Generative AI operates entirely on the context it is fed. When you open a workspace (or upload a zip file, or point it at SharePoint), the model uses the folder structure to understand relationships. It assumes every file in the provided directory is equally valid, current, and relevant.

To get faster, accurate output, you must adopt a standardized, hierarchical folder taxonomy. This is not a housekeeping chore. It is a strict data contract for your AI. The academic consensus supports this structural approach. As outlined in A Systematic Framework for Enterprise Knowledge Retrieval, transforming a static blob of data into a navigable, context-rich knowledge architecture significantly improves model accuracy and reduces retrieval latency.

The Prep Station Metaphor

Think of an LLM as a highly skilled line cook with zero short-term memory. If you ask the cook to make an omelet, but point them to a kitchen counter where the fresh eggs are mixed in a pile with old receipts, bleach, and rotten produce, the resulting meal will be toxic.

You have to prep the station before you ask for the work.

This requires changing how you manage your local environments. You must segment your files and organize your folders explicitly by client, project, or (and sometimes “and”) specific activity. When the AI opens that specific folder, the taxonomy forces it to focus strictly on the given task.

The Micro-Macro Data Contagion

Local file structures often mirror enterprise data architecture. If your team’s shared drive is a chaotic dumping ground of nested, unnamed folders, your enterprise data lake is likely more of a content swamp.

Organizations often fund massive, top-down enterprise data transformation projects. They deploy tools to wrangle petabytes of unstructured data. Consultants are brought in to describe how it should be done, walk you through clean up, and leave you with a perfectly indexed wiki on how to maintain it.

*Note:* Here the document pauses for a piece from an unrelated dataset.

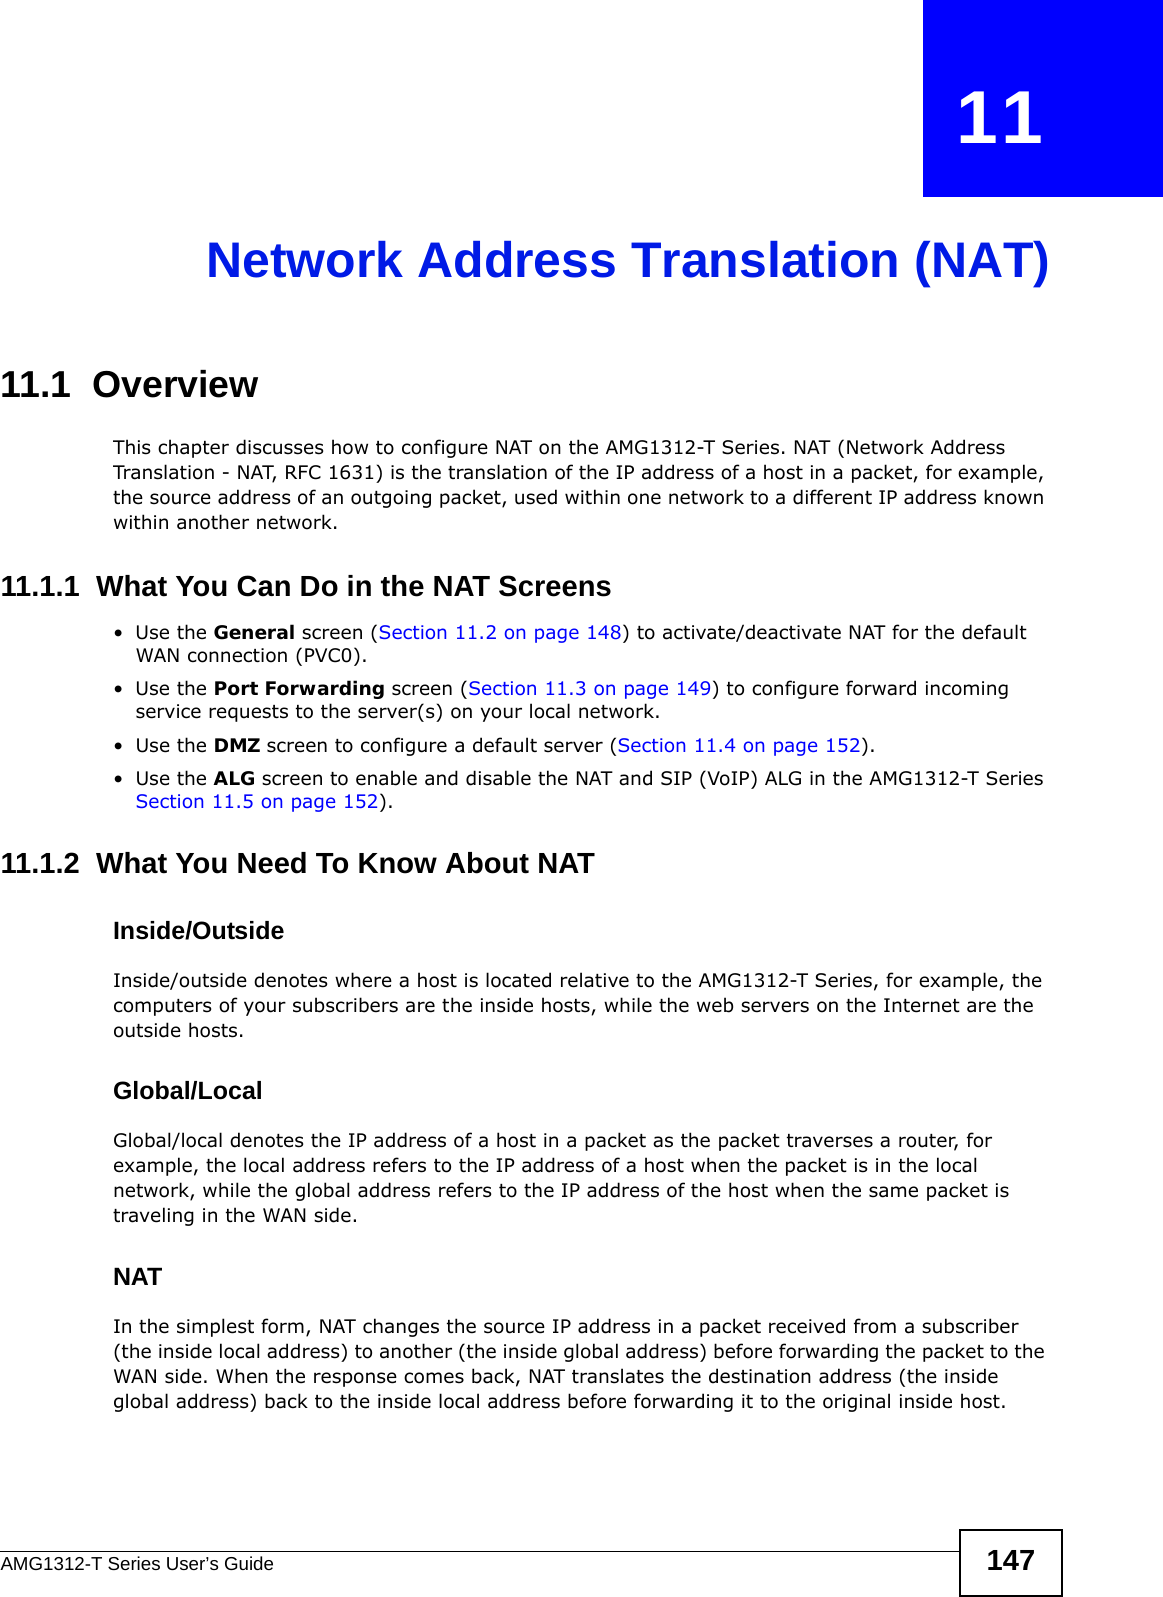 AMG1312-T Series User’s Guide 147CHAPTER   11Network Address Translation (NAT)11.1  OverviewThis chapter discusses how to configure NAT on the AMG1312-T Series. NAT (Network Address Translation - NAT, RFC 1631) is the translation of the IP address of a host in a packet, for example, the source address of an outgoing packet, used within one network to a different IP address known within another network.11.1.1  What You Can Do in the NAT Screens•Use the General screen (Section 11.2 on page 148) to activate/deactivate NAT for the default WAN connection (PVC0).•Use the Port Forwarding screen (Section 11.3 on page 149) to configure forward incoming service requests to the server(s) on your local network. •Use the DMZ screen to configure a default server (Section 11.4 on page 152).•Use the ALG screen to enable and disable the NAT and SIP (VoIP) ALG in the AMG1312-T Series Section 11.5 on page 152).11.1.2  What You Need To Know About NATInside/OutsideInside/outside denotes where a host is located relative to the AMG1312-T Series, for example, the computers of your subscribers are the inside hosts, while the web servers on the Internet are the outside hosts. Global/LocalGlobal/local denotes the IP address of a host in a packet as the packet traverses a router, for example, the local address refers to the IP address of a host when the packet is in the local network, while the global address refers to the IP address of the host when the same packet is traveling in the WAN side. NATIn the simplest form, NAT changes the source IP address in a packet received from a subscriber (the inside local address) to another (the inside global address) before forwarding the packet to the WAN side. When the response comes back, NAT translates the destination address (the inside global address) back to the inside local address before forwarding it to the original inside host.

The reason other organizations don’t do this kind of clean up? Aside from the few that don’t need it, the rest have someone recruited from an organization that did need it, then did it…then did it again a few years later. At least some had the excuse of acquisitions as a cause. The rest just forgot to make being organized part of the organization’s culture.

The report What Is Data Taxonomy? Use Cases & Best Practices points out that taxonomy programs do not fail because the classification structure was wrong. They fail because nobody owned it after launch, or the controlled vocabulary was written for data engineers rather than the business users who needed to adopt it. A taxonomy that nobody actively owns becomes outdated within twelve months.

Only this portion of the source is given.